В начале лета 1947 года утром у меня раздался телефонный звонок. Звонила сестра Харди. Она сообщила, что он в очень тяжелом состоянии. Не могу ли я сразу приехать к ним, зайдя предварительно в Тринити-колледж? Я не мог понять, для чего мне надо заходить в колледж, но повиновался. Там у привратника была оставлена для меня записка, в которой говорилось, чтобы я зашел на квартиру к Дональду Робертсону.
Профессор греческого языка и литературы Робертсон был близким другом Харди. Он встретил меня спокойно. За окном было солнечное утро.
— Вы должны знать, что Харди пытался покончить с собой, — сказал Робертсон. — Сейчас он уже вне опасности и пока что цел и невредим, если так можно сказать.
Робертсон так же, как и его друг Харди, был человеком прямым.
— Жаль, что попытка окончилась неудачно, — продолжал он. — Здоровье Харди становится все хуже, и он во всяком случае долго не протянет. Даже пройти из своей квартиры до столовой колледжа стоит ему теперь большого труда. Харди сделал вполне обдуманный шаг. Жизнь в таком состоянии невыносима, в ней нет ничего. Так вот, он собрал достаточное количество снотворных таблеток, но принял их слишком много.
Мне нравился Дональд Робертсон, но до этого я только изредка встречался с ним в столовой Тринити-колледжа. Впервые мы разговаривали с глазу на глаз. С вежливой настойчивостью он сказал затем, что я должен как можно чаще навещать Харди. Хотя видеть его в таком состоянии тяжело, но это наша обязанность, которая к тому же, вероятно, не продлится долго. Мы оба чувствовали себя ужасно. Я попрощался и никогда больше не видел Робертсона.

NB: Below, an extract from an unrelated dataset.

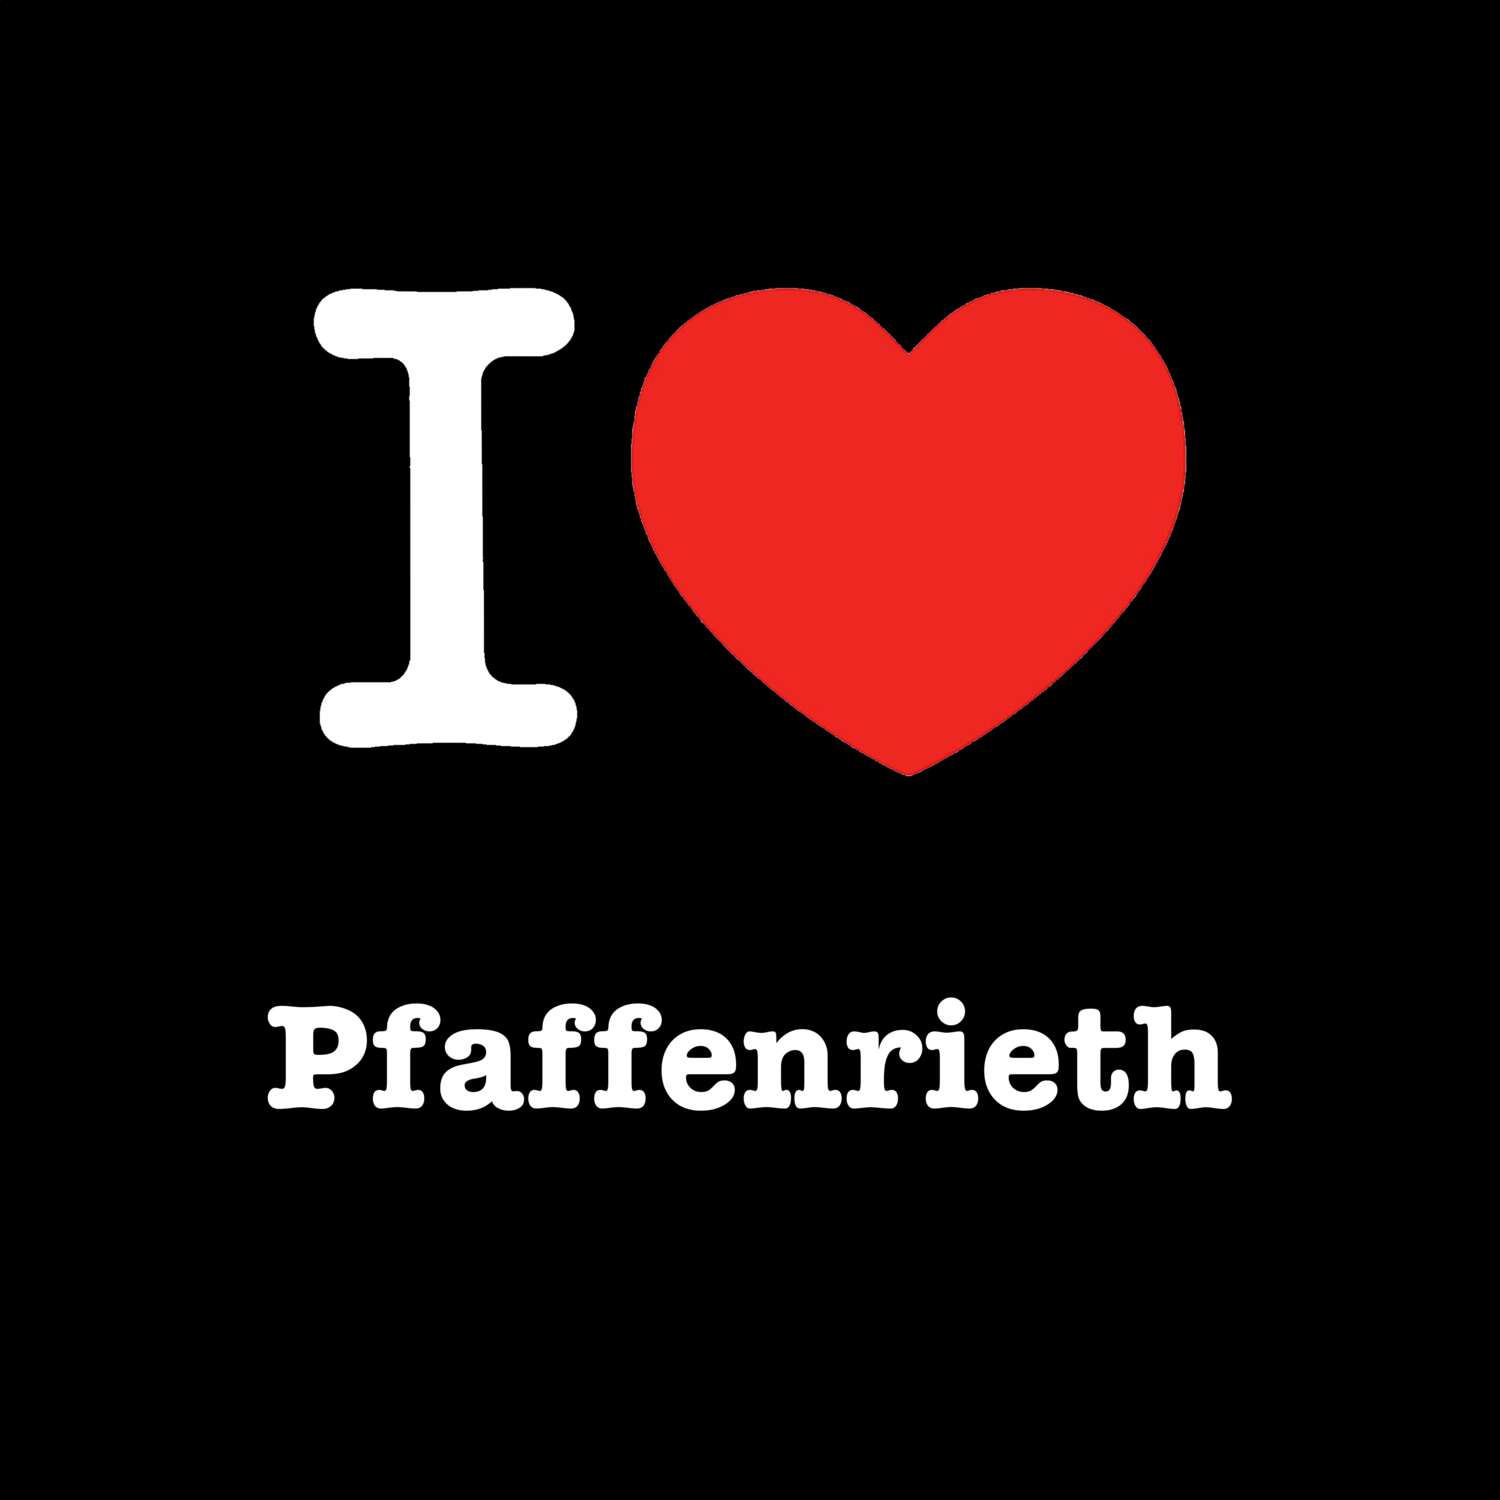 Pfaffenrieth T-Shirt »I love«

В частной лечебнице на кровати лежал Харди. Казалось, какой-то оттенок фарса был в том, что под глазом у него красовался большой синяк. Он упал и ударился головой о ванну.
Сейчас, лежа на кровати, он пытался иронизировать. Подумать только, как он опростоволосился. Кто-нибудь устраивал когда-либо большую кутерьму?
Никогда еще я не чувствовал себя менее расположенным к шуткам, но решил подладиться под его тон.
Затем я приезжал к нему в Кембридж по меньшей мере раз в неделю. Почти каждый раз, когда я бывал у него, он заговаривал о смерти. Он желал смерти и не боялся ее. Чего бояться в небытии? К нему снова вернулся его непоколебимый интеллектуальный стоицизм. Он не сделал бы новой попытки покончить с собой. Да у него и не было сил для этого. Он приготовился ждать. Но с непоследовательностью, которая, очевидно, мучила его (подобно большинству людей его круга, он придерживался рациональных начал, а в данном случае поступал нелогично), Харди с мрачным беспокойством напряженно следил за развитием своей болезни.
Почти все время, что я находился у него, мы разговаривали исключительно о крикете. И если бы я не приносил ему какие-то новости, то он пребывал бы в том мрачном одиночестве, что приходит к людям перед концом.
Несколько раз я пытался расшевелить его. Может быть, нам стоит рискнуть и отправиться поглядеть на крикет? Я теперь богаче, чем раньше, говорил я, собираясь взять такси и отвезти его на любую крикетную площадку, которую он выберет. Он оживлялся, но затем уверял, что на руках у меня может оказаться мертвец. Я говорил, что этого не случится, да и он сам понимал, что смерть его — дело нескольких месяцев. Мне же очень хотелось, чтобы хоть один день он снова был как-то радостен и весел. Но когда я в следующий раз приехал к нему, он с какой-то злостью отрицательно покачал головой. Нет, ему не стоит даже пытаться: нет смысла.